Le principe des SCPI fiscales
Une SCPI (Société Civile de Placement Immobilier) regroupe des investisseurs qui achètent ensemble un patrimoine immobilier. Lorsqu’il s’agit de SCPI fiscales, les biens acquis répondent à des critères définis par un dispositif fiscal spécifique.
Il existe trois grandes familles de SCPI fiscales :
- SCPI Pinel : réduction d’impôt selon durée d’engagement (12 %, 18 %, 21 %)
- SCPI Malraux : réduction d’impôt jusqu’à 30 % des travaux (secteurs sauvegardés)
- SCPI déficit foncier : imputation des charges sur les revenus fonciers et globaux
Avantages pour un TMI 41 %
- Accès à la réduction d’impôt sans avoir à gérer un bien : la SCPI s’occupe de tout
- Mutualisation des risques locatifs sur plusieurs biens et zones géographiques
- Effet immédiat sur la fiscalité (réduction dès l’année suivant la souscription)
- Ticket d’entrée modéré (souvent à partir de 5 000 à 10 000 €)
Exemple : SCPI déficit foncier
Un investisseur en TMI 41 % souscrit 15 000 € dans une SCPI spécialisée en déficit foncier. Sur l’année de souscription :
- Il obtient un déficit global imputable de 10 000 €
- Réduction d’impôt : 10 000 € × 41 % = 4 100 € économisés
Les parts peuvent également générer des revenus fonciers à moyen terme, selon les projets immobiliers engagés.
Points à surveiller
- Durée d’immobilisation longue : souvent 9 à 15 ans
- Frais d’entrée importants : entre 8 et 12 %, à intégrer dans la performance globale
- Rendement net généralement plus faible que les SCPI de rendement
- Liquidité limitée : marché secondaire étroit
Conclusion
Lorsqu’on est soumis à une TMI de 41 %, chaque opportunité de réduction d’impôt doit être activée avec méthode.
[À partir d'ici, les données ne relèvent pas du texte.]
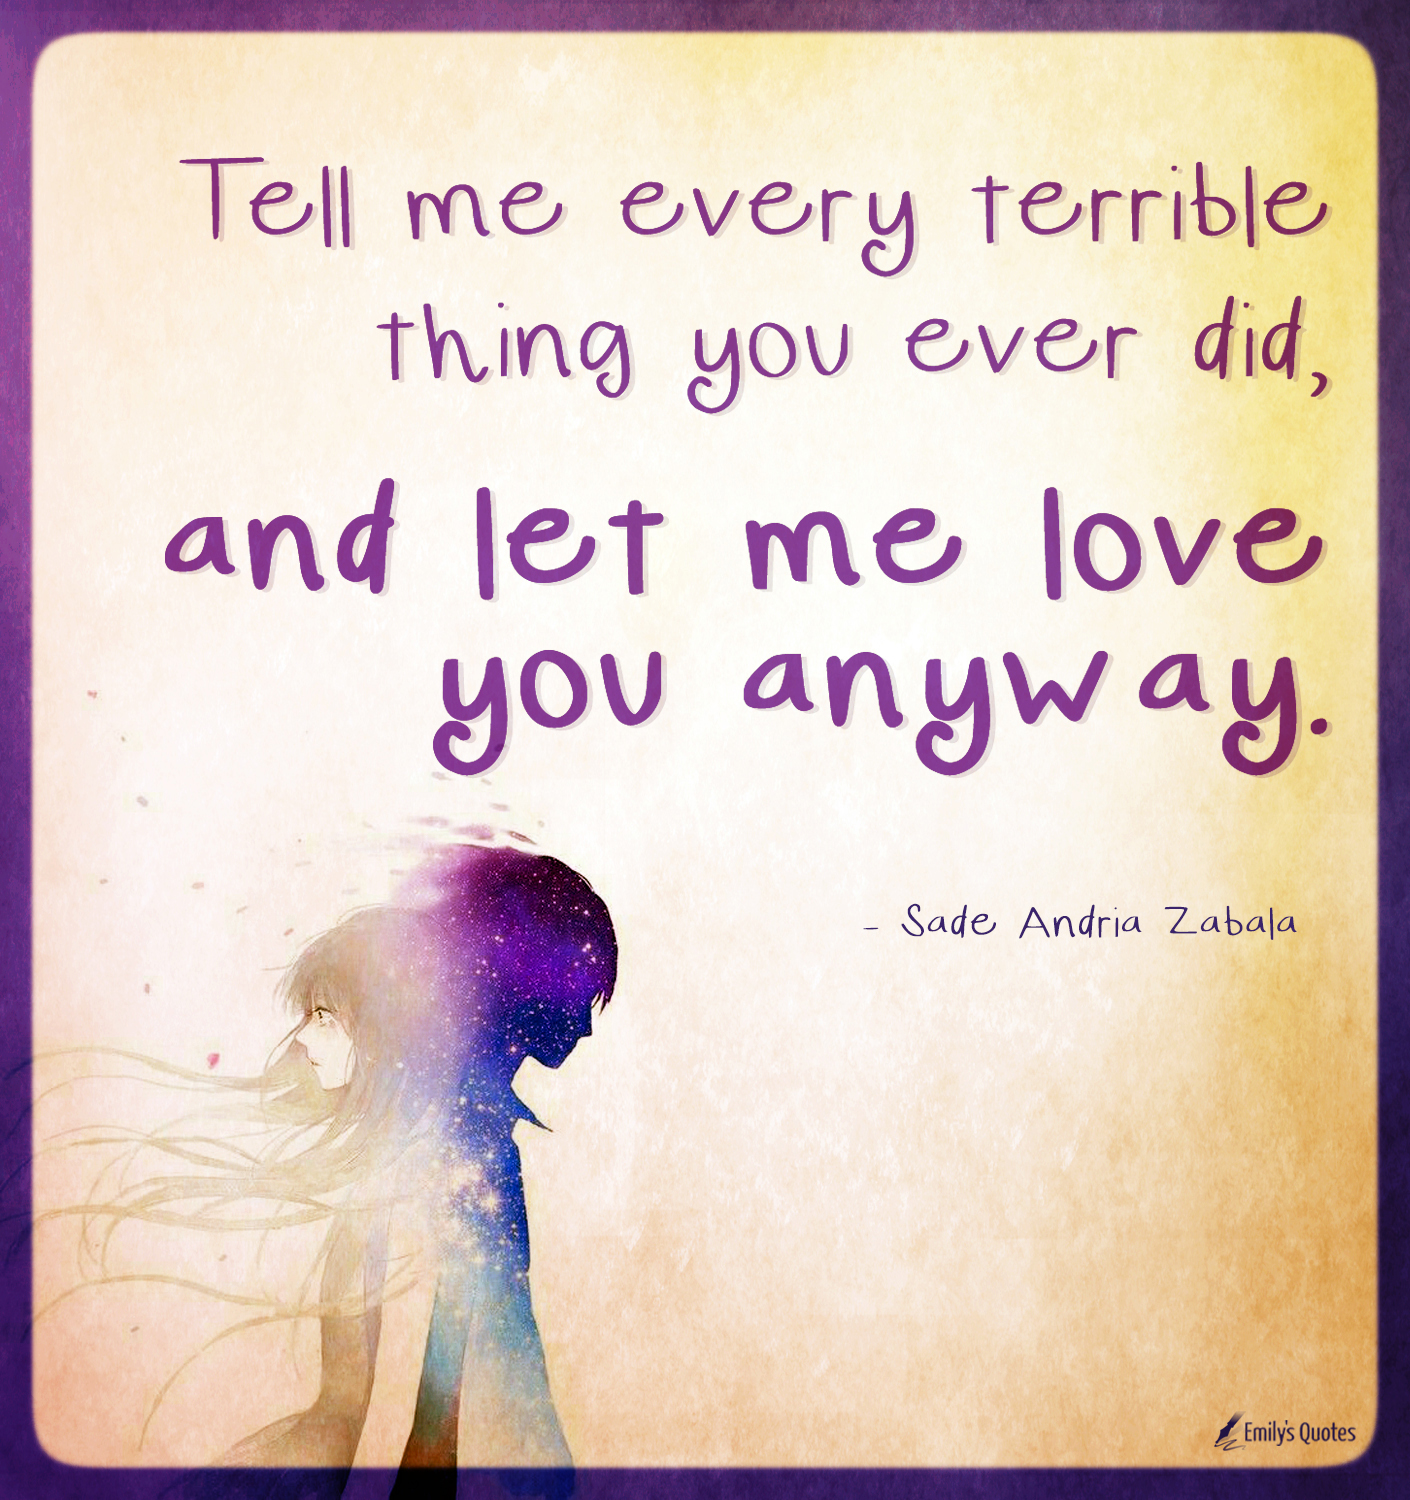 Tell me every terrible thing you ever did, and let me love you anyway
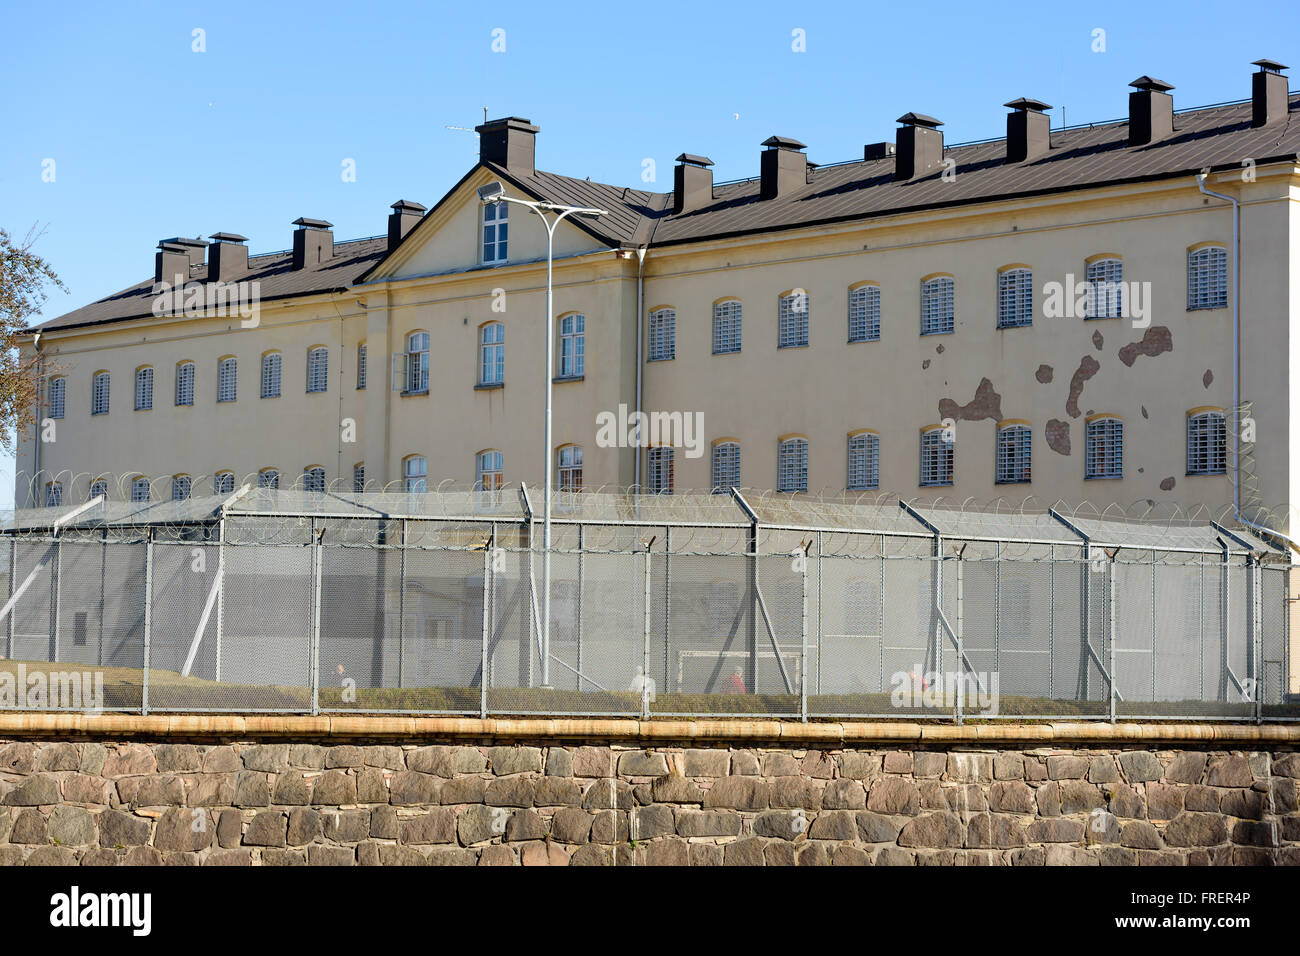 Kalmar, Sweden - March 17, 2016: The prison building with the exercise yard and surrounding barbed and netted fence. People walk Stock Photo

Le déficit foncier, le PER ou les SCPI fiscales sont trois stratégies éprouvées qui permettent non seulement de diminuer efficacement la pression fiscale dès l’année N+1, mais aussi de structurer un patrimoine cohérent à long terme.
L’enjeu n’est pas de consommer un avantage fiscal pour l’année, mais bien de construire une stratégie durable, alignée avec les objectifs patrimoniaux du client : retraite, transmission, revenus complémentaires ou diversification.
Chez Greenliving, nous accompagnons nos partenaires CGP, experts-comptables et investisseurs pour sélectionner les bons leviers fiscaux, les intégrer dans une stratégie immobilière cohérente, et en assurer le pilotage opérationnel.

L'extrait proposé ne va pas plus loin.